Image of eloping couple. 1815

Image of eloping couple. 1815

This piece of information about Lydia sets in motion, literally, a series of coach journeys and desperate searchings that rivals anything Steve McQueen or Michael Caine partook of.

Michael Caine: Nuts to your watches! You just be at the Piazza at a quarter to..
Steve McQueen: Look, you work your side of the street, and I’ll work mine.
Det. Insp. Jack Regan: Remember, no guns unless they use ’em.

Mr Gardner and Mr Bennett walking the streets of London, searching for Wickham and Lydia could well have used lines like those. What needs to be said, what needs to be done, never changes whatever century, don’t you think?

“…and all three being actuated by one spirit, every thing relating to their journey was speedily settled. They were to be off as soon as possible.”

Coach travel

Coach travel

And so Mr and Mrs Gardner and Lizzie Bennett sped south to Longbourn at the hair-raising speed of 10 miles per hour or more, on the occasion of increased velocity being achieved when long flat straight roads presented themselves; jolted and tossed about, no doubt, like three potatoes in a sack.

But Lydia and Wickham were as devious and cunning as any mafia on the streets of Naples, or ruthless bank robbers from the East End of London or murderous killers off the dangerous streets of San Francisco. Gretna Green was, dare I say, a red herring. They spread rumours, gasp, horror; they planned and they plotted, they predicted and they saw clearly with their crazed, devious minds thinking out brilliantly, their next move. They lived the heady adrenalin pumped life of criminals on the run.

Mr Bennett “… did trace them easily to Clapham, but no farther; for on entering that place they removed into a Hackney coach and dismissed the chaise that brought them from Epsom.”

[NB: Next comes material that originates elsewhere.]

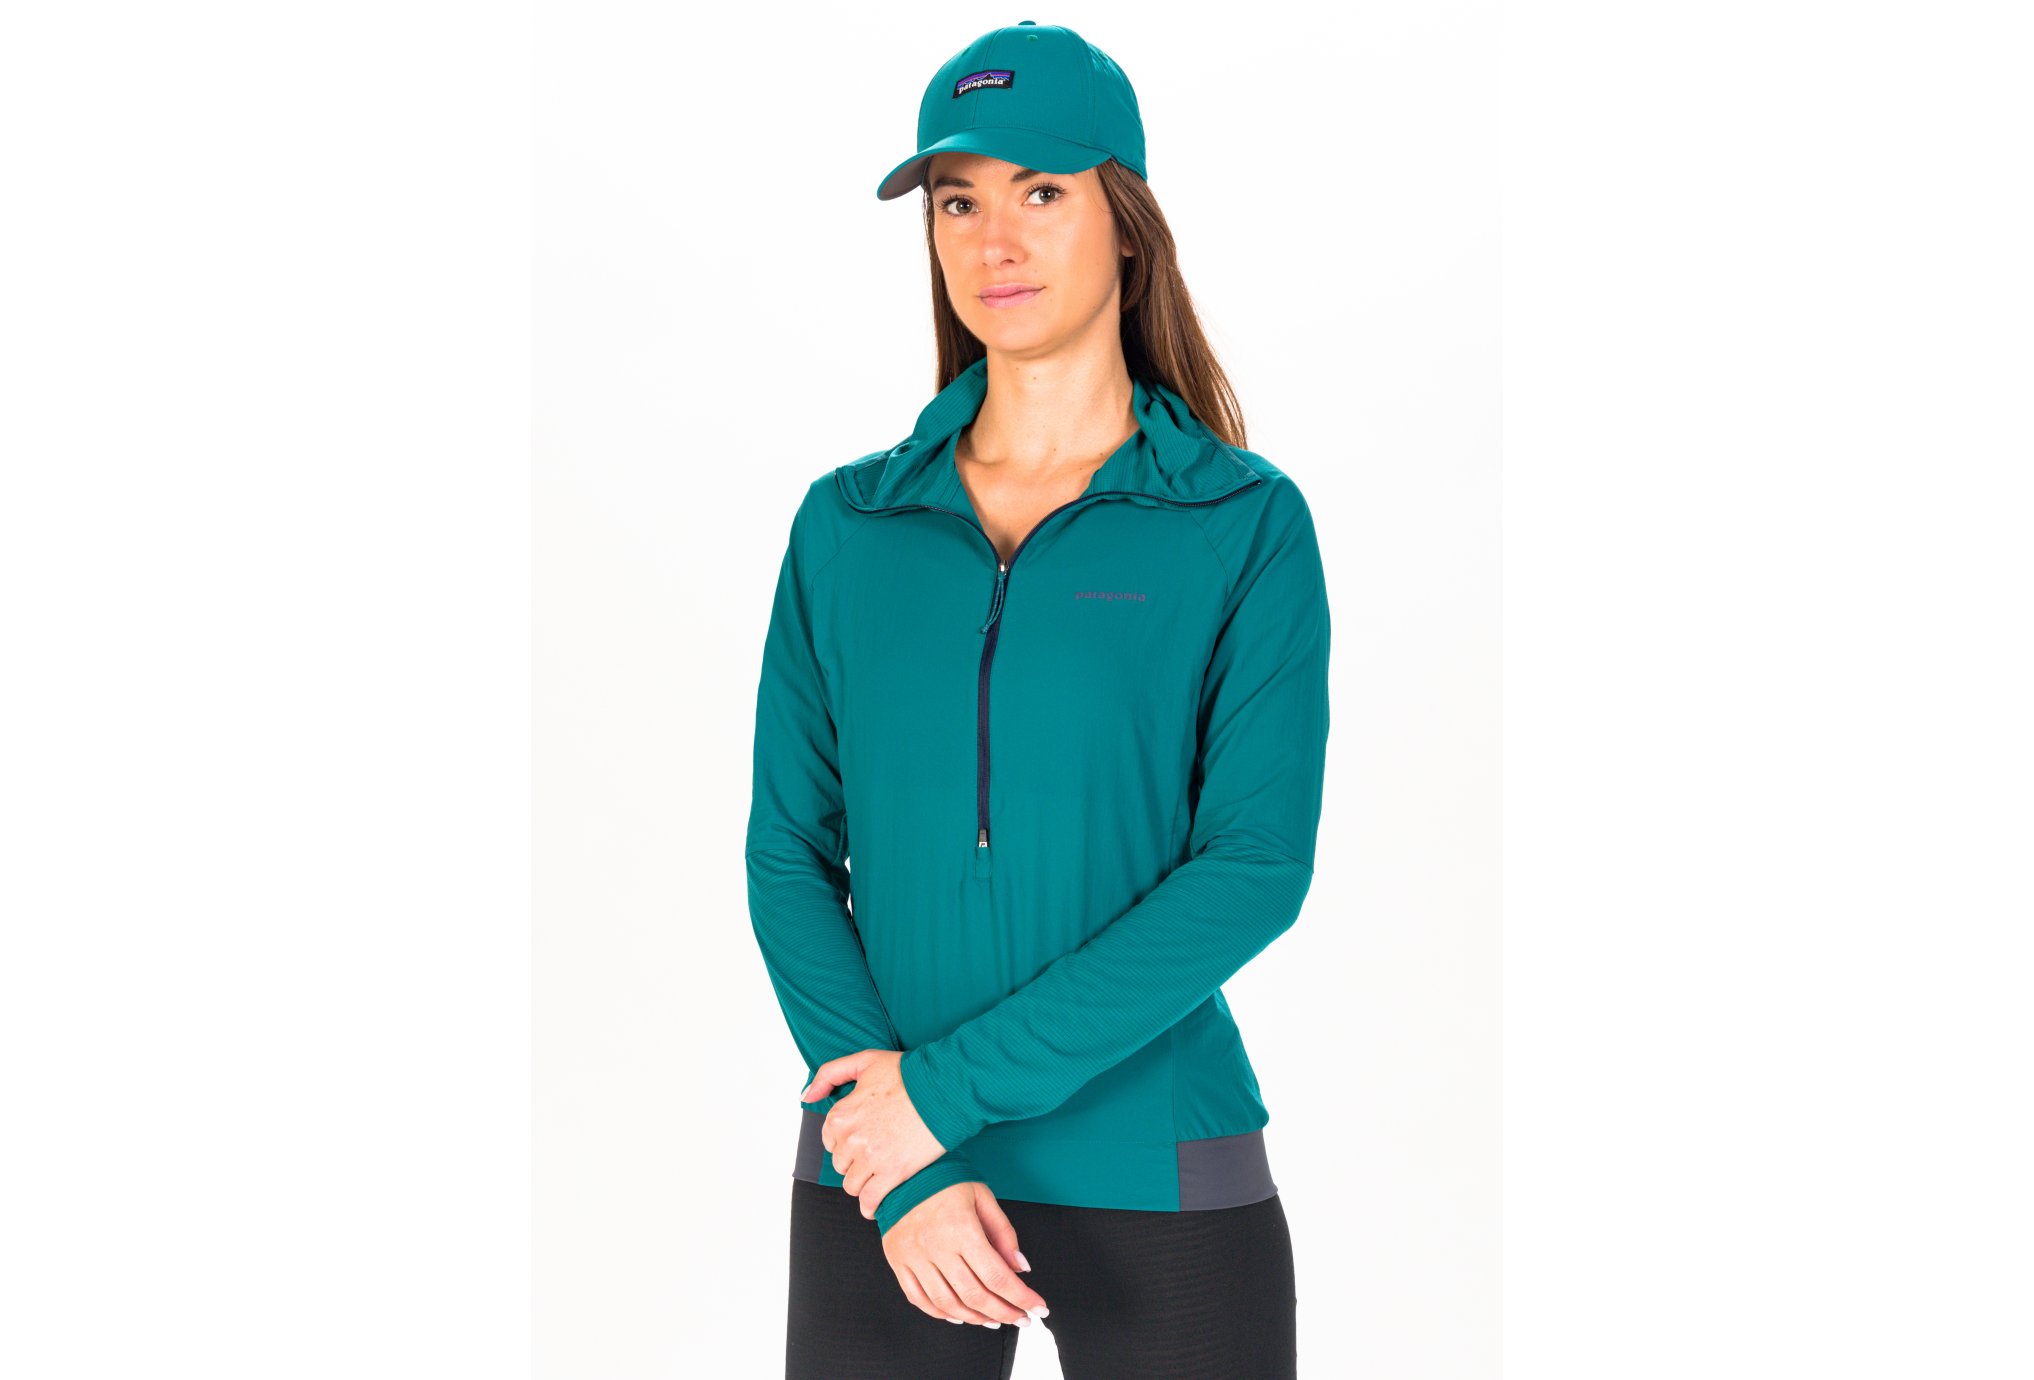 Patagonia Airshed Pro W vêtement running femme

Oh gosh and golly, what subterfuge, what dastardly cunning. They actually changed from a chaise to a hackney coach.The evil mind games of those criminals. But they were hunted, yes, hunted, by Mr Bennett, he, a wily, ruthless backwoodsman who once he smelled the scent of his prey cannot, will not, be put off his quest. Mrs Bennett was right to be desperate in her concerns,

And now here’s Mr Bennett gone away and I know he will fight Wickham, wherever he meets him, and then he will be killed, and what is to become of us all?”.

Popeye Doyle himself could not compete with Mr Bennett surely in his ruthless endeavour

 The son of a bitch is here. I saw him. I’m gonna get him.”

But our Mr Bennett in his utter, focused, desperate determination can but say,

“Who should suffer but myself? It has been my own doing, and I ought to feel it.”

Good gracious, the man is a titan of hot-blooded aggression. Surely nothing can prevail? Wickham has met his match.

epsom

Epsom Watch House & Clock c1840 from Dugdale’s England & Wales
Image courtesy of Surrey Libraries and is held in the
Epsom & Ewell Local And Family History Centre

Elizabeth was desperate to know what lengths, what depths her father would go to retrieve his wayward daughter, her very own sister.

He meant, I believe,” replied Jane, “to go to Epsom, the place where they last changed horses, see the postilions, and try if anything could be made out from them. His principal object must be to discover the number of the hackney coach which took them from Clapham. “

Of course, a touch of sheer genius; find out the number of the Hackney Coach. That would do it. He would be sure to find them then.
And after all this searching, this animal desperation, this wolf like howl of anguish ripped from the primeval instinctive depths of Mr Bennett’s heart, what then? What could be the consequences? So after many letters flying backwards and forwards, if anything, P&P appears to hinge very often on the writing, sending and receiving of letters, Mr Gardner has appeared to pay Wickhams debts,, Mr Bennet has only to provide a paltry £100 a year, he can’t believ his luck and can’t quite work out the finances as if he ever could work out his finances. (Aside: we all know who really has settled the finances, don’t we?? Ha! Ha! It’s getting more like a pantomime all the time this. Mrs Bennnet as Widow Twanky and Mr Bennet as Baron Hardup.)

He had never before supposed that, could Wickham be prevailed on to marry his daughter, it would be done with so little inconvenience to himself as by the present arrangement. He would scarcely be ten pounds a year the loser, by the hundred that was to be paid them; for, what with her board and pocket allowance, and the continual presents in money which passed to her through her mother’s hands, Lydia’s expenses had been very little within that sum.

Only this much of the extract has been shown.